Será el reconocimiento de la misericordia como un valor, como la apertura de un horizonte
nuevo y la posibilidad genuina de la conversión. También habrá de equilibrar desde la
prudencia de la fe su relación con la justicia.
Diversos referentes bíblicos dan ocasión de profundizar el significado de la
misericordia en la vida cristiana. Un momento significativo sobre el tema lo constituye,
evidentemente, la presentación de las obras de misericordia, inspiradas en Mt 25.
Profundamente iluminador para la perspectiva existencial es el pasaje lucano del padre
misericordioso (cf. Lc 15,11-31), así como el riquísimo ejemplo de la parábola del buen
samaritano (cf. Lc 10,30-37). Una orientación global, tal como el Papa Francisco lo ha
propuesto, como buen catequista, para la Iglesia universal, la tenemos con la indicación
primaria del Señor de cumplir nuestra vocación trabajando por ser misericordiosos como el
Padre (cf. Lc 6,36).

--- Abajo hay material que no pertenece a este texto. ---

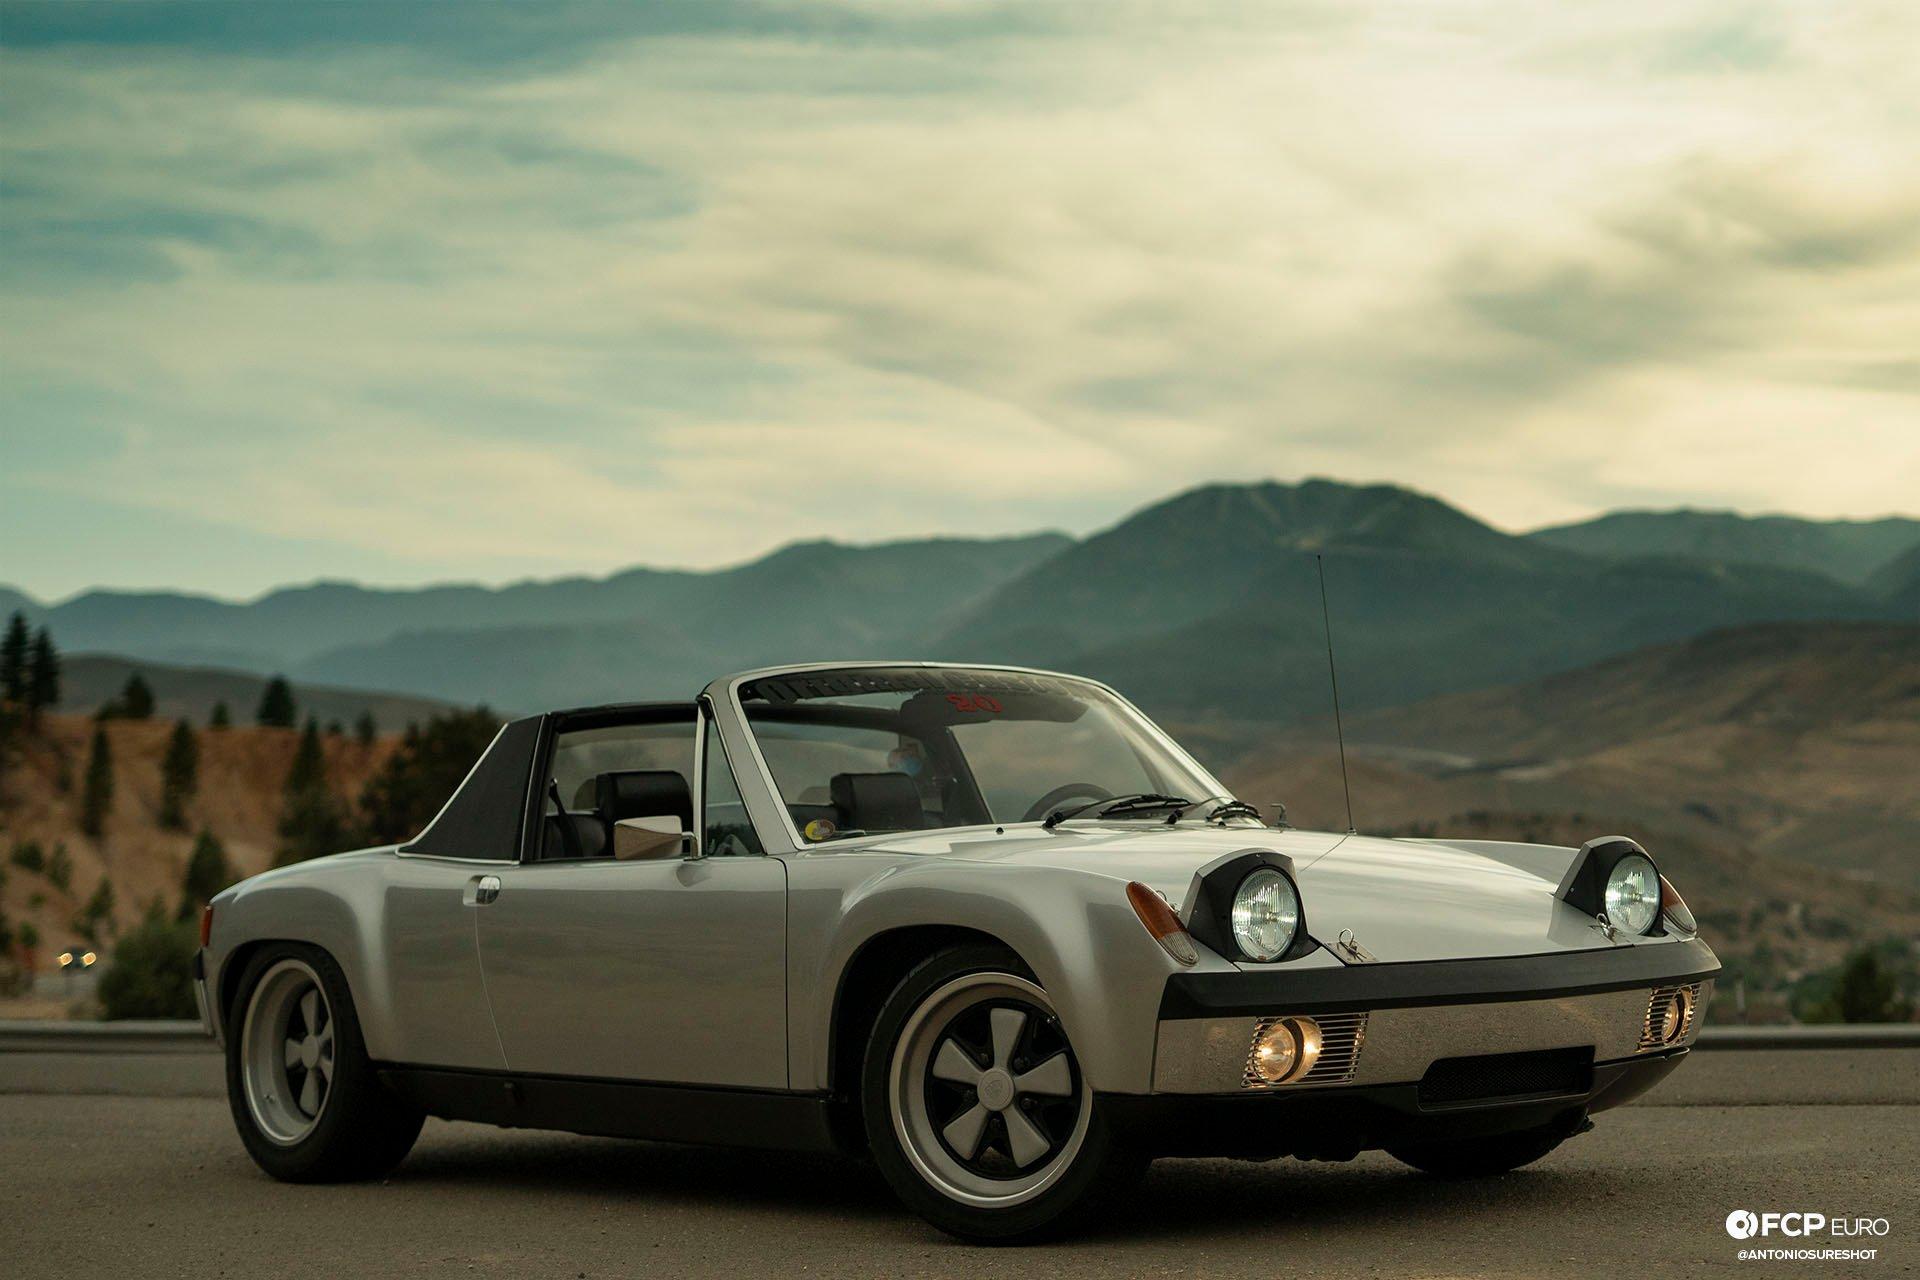 1975 Porsche 914-6 Fuchs

No lo es menos subrayar la presencia de la misericordia entre las
bienaventuranzas (cf. Mt 5,7). La identificación de estos pasajes e incluso su memorización
constituyen eslabones pedagógicos muy saludables para objetivar la experiencia suscitada e
impulsar al compromiso consecuente.

4. La alegría de la misericordia
El tono festivo de la misericordia es una constante de la Buena Nueva. Es la fiesta a
la que convoca el Padre misericordioso a la vuelta del hijo pródigo. La fiesta a la que no deja
de invitar al hijo mayor, que en algún momento quiso quedar al margen de la lógica
indulgente y renovadora del Padre. Precisamente por ello es el Evangelio de la misericordia.

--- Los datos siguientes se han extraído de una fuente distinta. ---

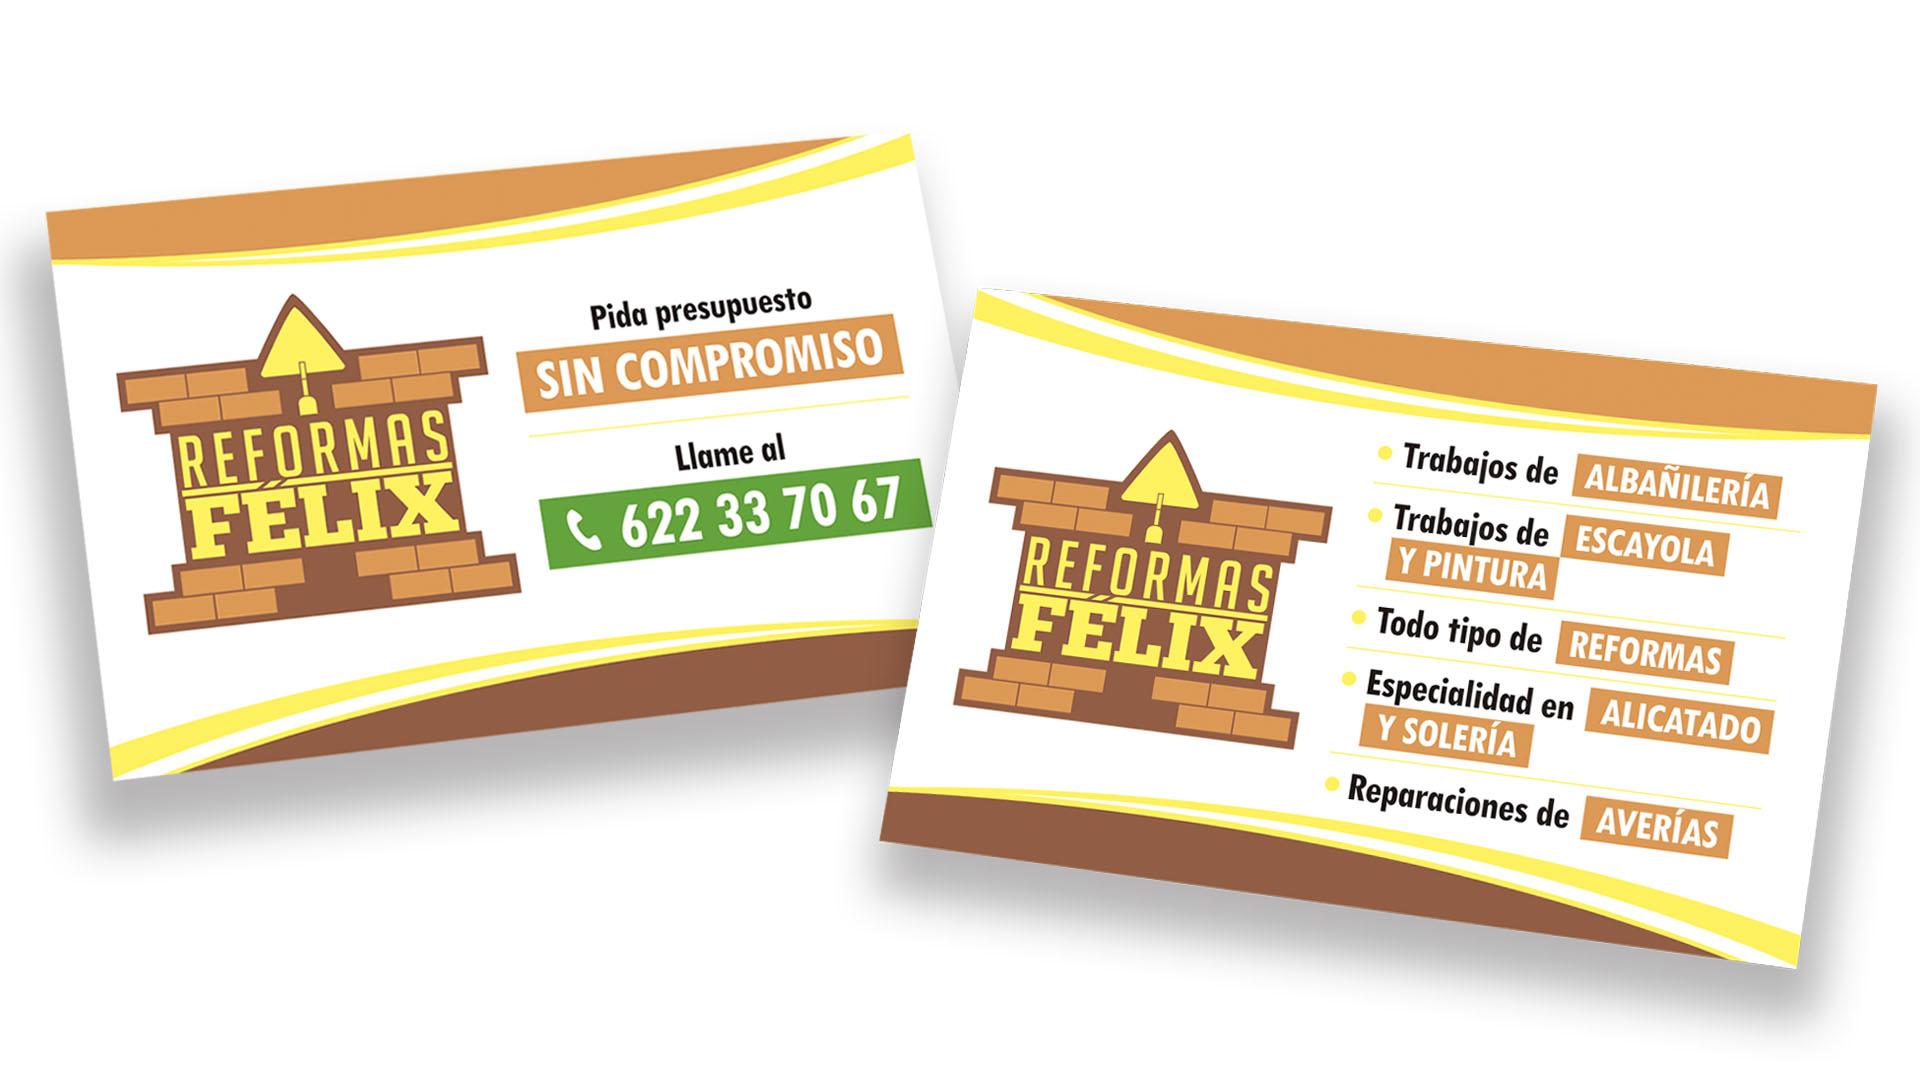 REFORMAS FÉLIX - Tarjeta

Con razón el Papa Francisco nos ha recordado que las parábolas de la misericordia presentan
a Dios “siempre lleno de alegría, sobre todo cuando perdona. En ellas encontramos el núcleo
del Evangelio y de nuestra fe, porque la misericordia se muestra como la fuerza que todo
vence, que llena de amor el corazón y que consuela con el perdón” (Misericordiae vultus,
n.9).
San Agustín, hablando sobre la catequesis, en un texto dedicado precisamente a ella,
justificaba la necesidad de que el catequista estuviera siempre impulsado por la alegría. Se
trataba de identificar “de qué manera se puede conseguir que el catequista trabaje siempre
con alegría; porque cuanto mayor sea ésta, tanto más acepto será su trabajo”. Y definía: “Un
precepto claro tenemos sobre este punto; porque si la limosna corporal quiere Dios que se dé
de buena gana, cuánto más la espiritual. Mas, para tener esta alegría debemos acogernos a la
misericordia de aquel que nos la manda. Hablemos, pues, primero de la narración, después
de los preceptos y de la exhortación, y finalmente de la manera de alcanzar esta alegría” (De
catechizandis rudibus, n. 4). Este itinerario sigue siendo vigente en el acompañamiento de la
fe. La actitud sobre la misericordia no puede ser ni altanera ni fingida. Su espíritu evangélico
debe notarse en la fuerza de generar alegría. Y justamente el experimentar la misericordia
divina en la propia vida es el punto de partida del regocijo interior que el catequista está
llamado a transmitir.
Se trata, pues, de incorporar una catequesis sobre la misericordia que sea también una
catequesis misericordiosa y una catequesis que mueva a la misericordia. Esta hará crecer al
catequista, hará crecer al catequizado y edificará a la Iglesia. Para el catequista, esto
constituye una oportunidad preciosa de vivir su fe con intensidad y de reconocer la belleza
de su vocación en la comunidad creyente.